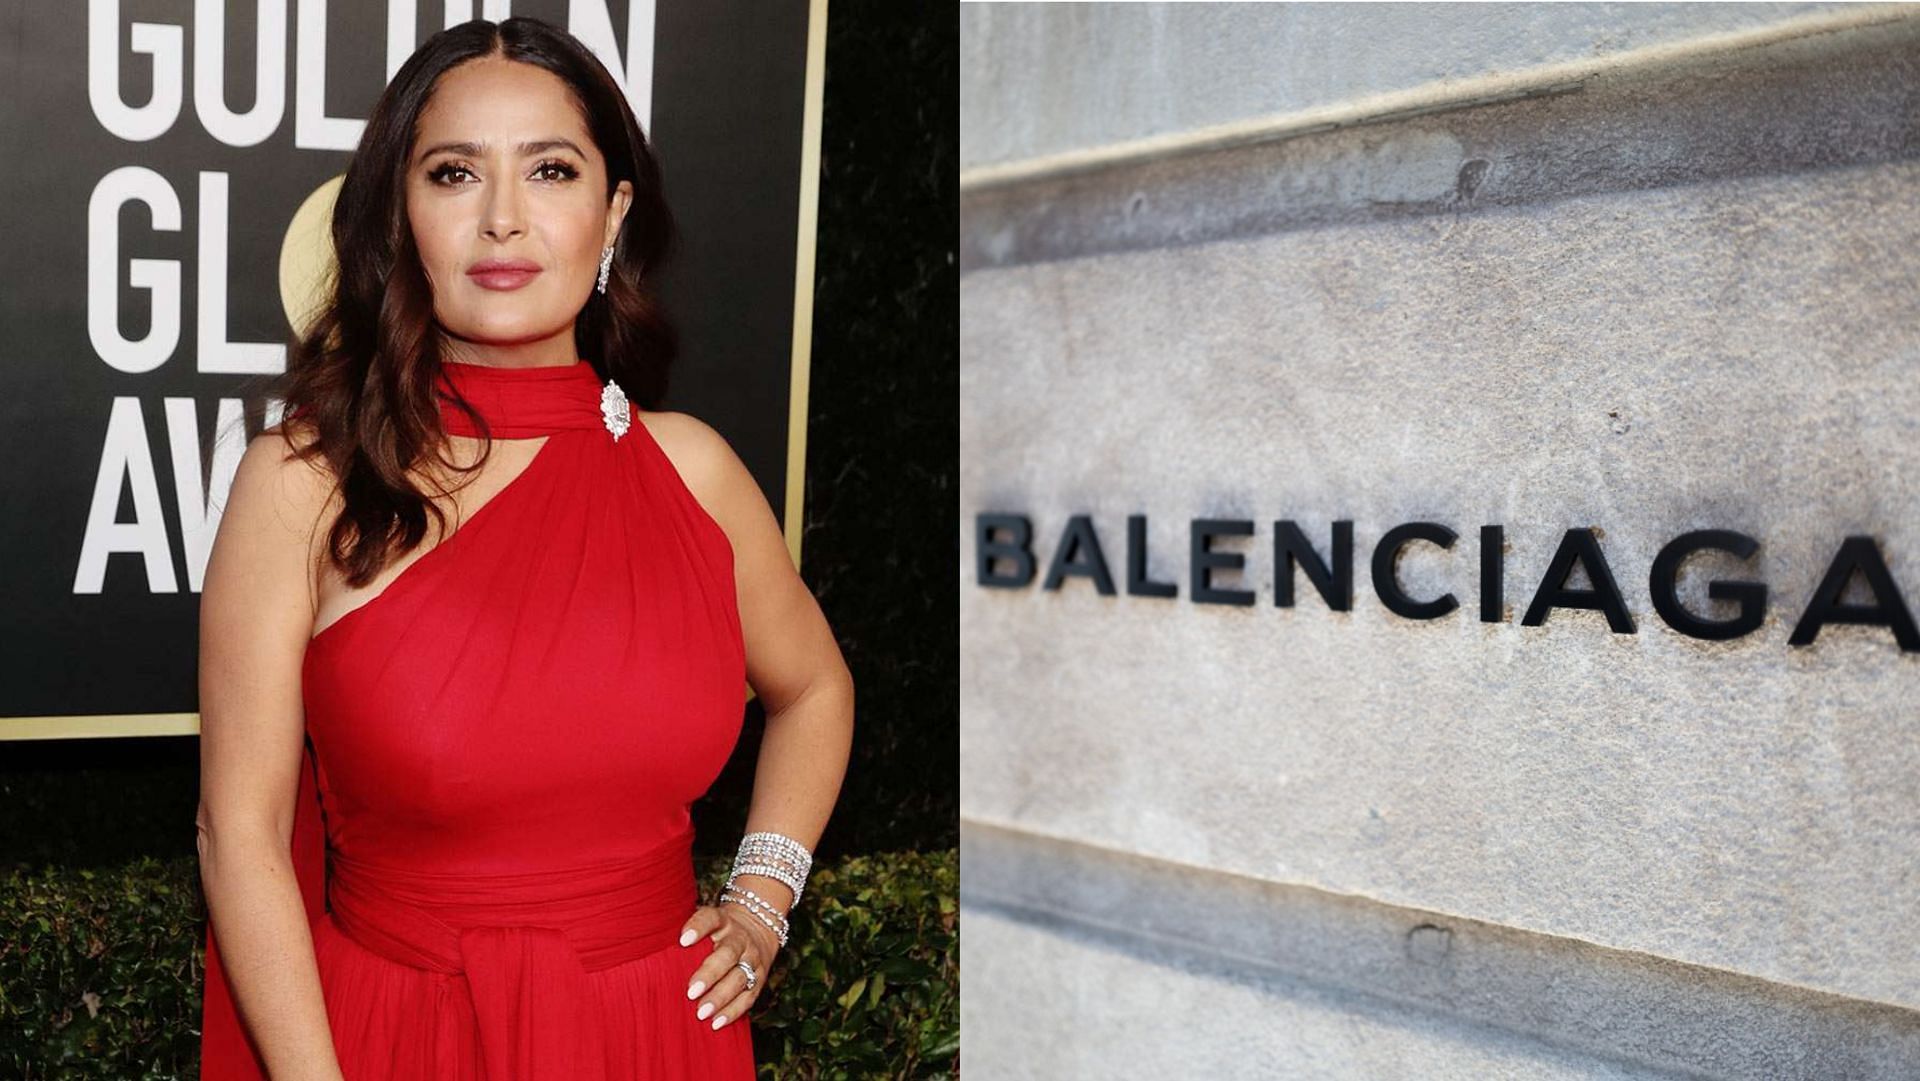 Why is Salma Hayek being dragged into the Balenciaga scandal? Connection  explored as actress comes under fire online
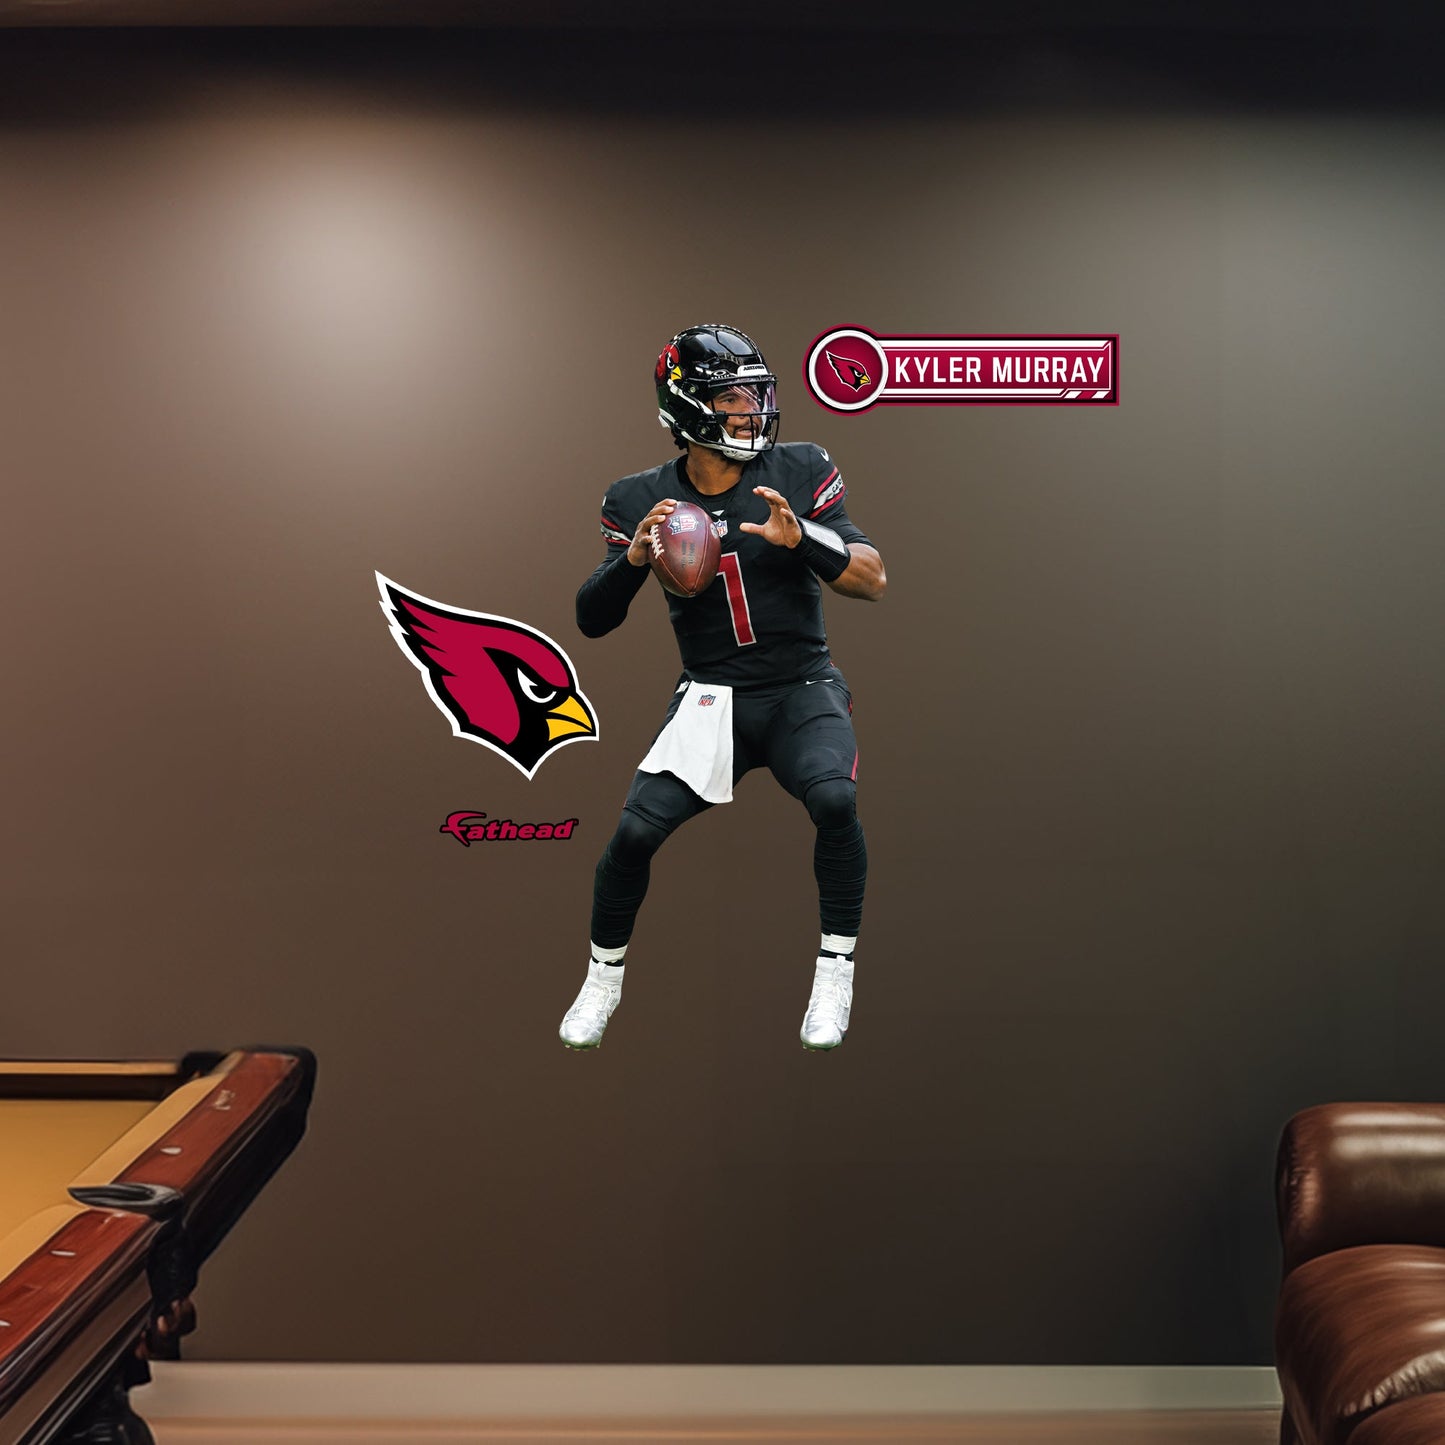 Arizona Cardinals: Kyler Murray Black Jersey        - Officially Licensed NFL Removable     Adhesive Decal
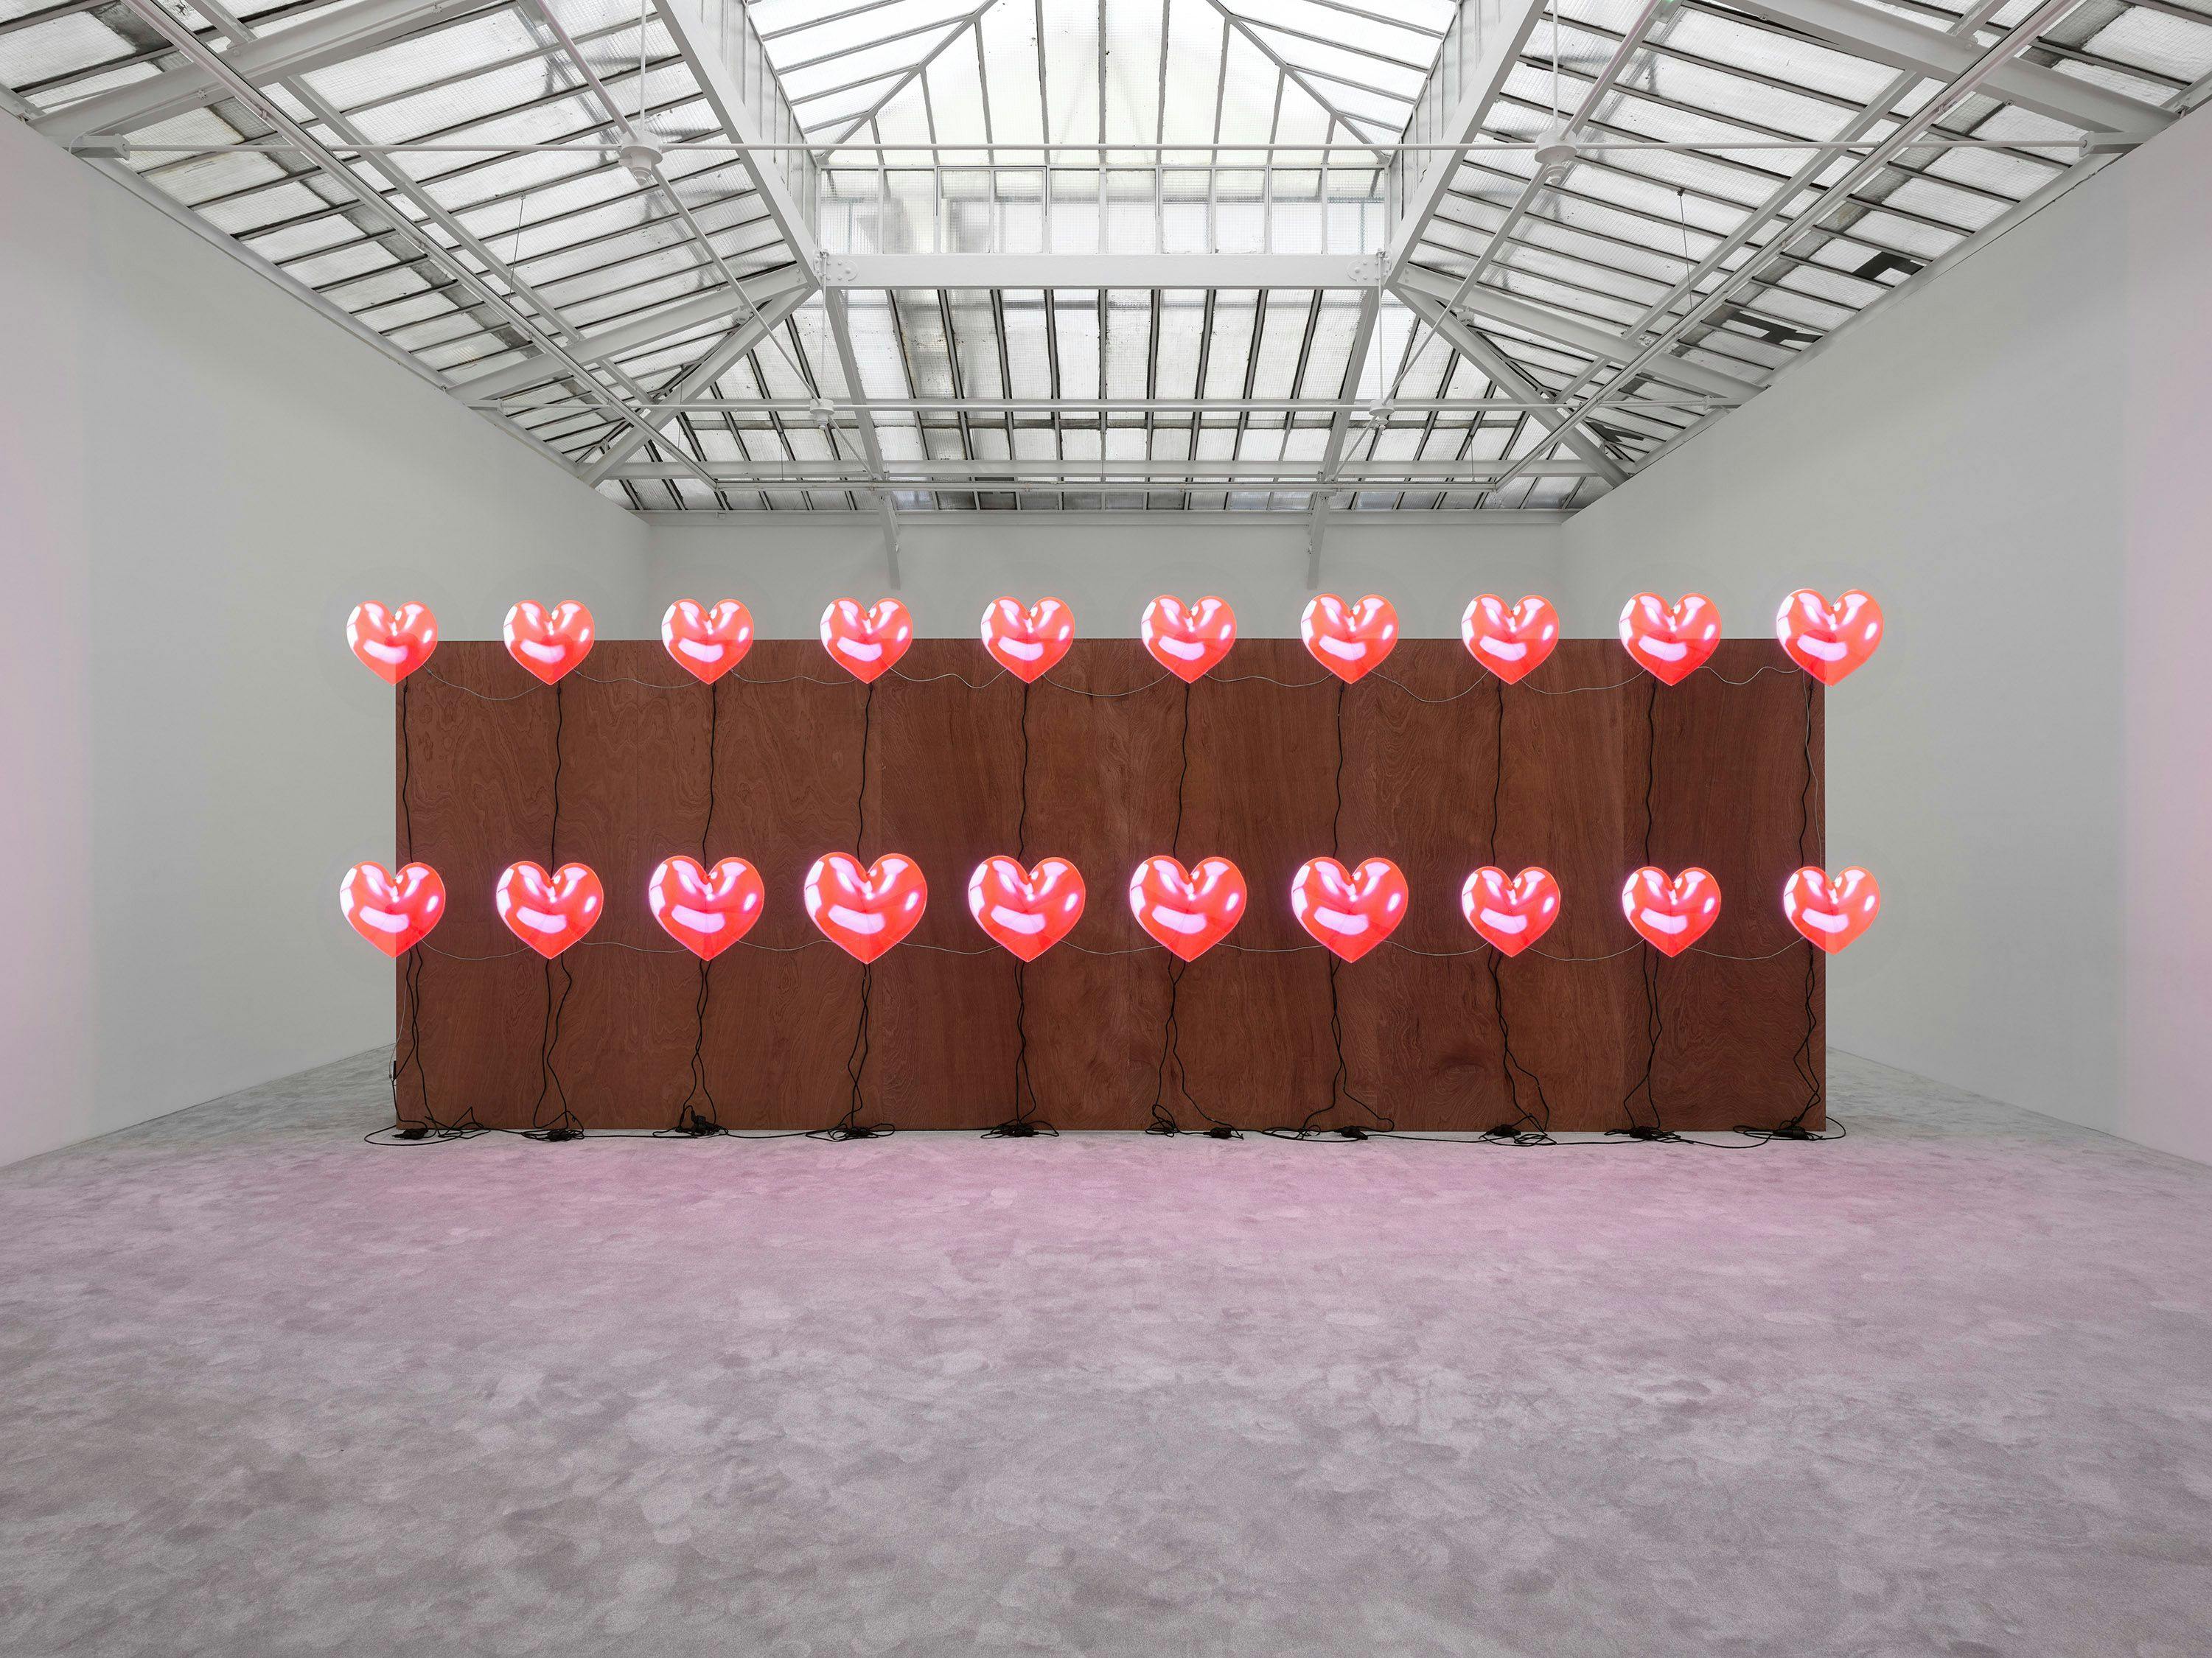 Twenty holographic displays mounted on freestanding plywood wall with mixed media by Jordan Wolfson, titled ARTISTS FRIENDS RACISTS, 2019 to 2020.

▸ Exercise requirements
Each line of the material needs to be given again exactly, without any of its pictures.

▸ Answer
 Why is Salma Hayek being dragged into the Balenciaga scandal? Connection  explored as actress comes under fire online
 Arizona Cardinals: Kyler Murray Black Jersey        - Officially Licensed NFL Removable     Adhesive Decal
 Twenty holographic displays mounted on freestanding plywood wall with mixed media by Jordan Wolfson, titled ARTISTS FRIENDS RACISTS, 2019 to 2020.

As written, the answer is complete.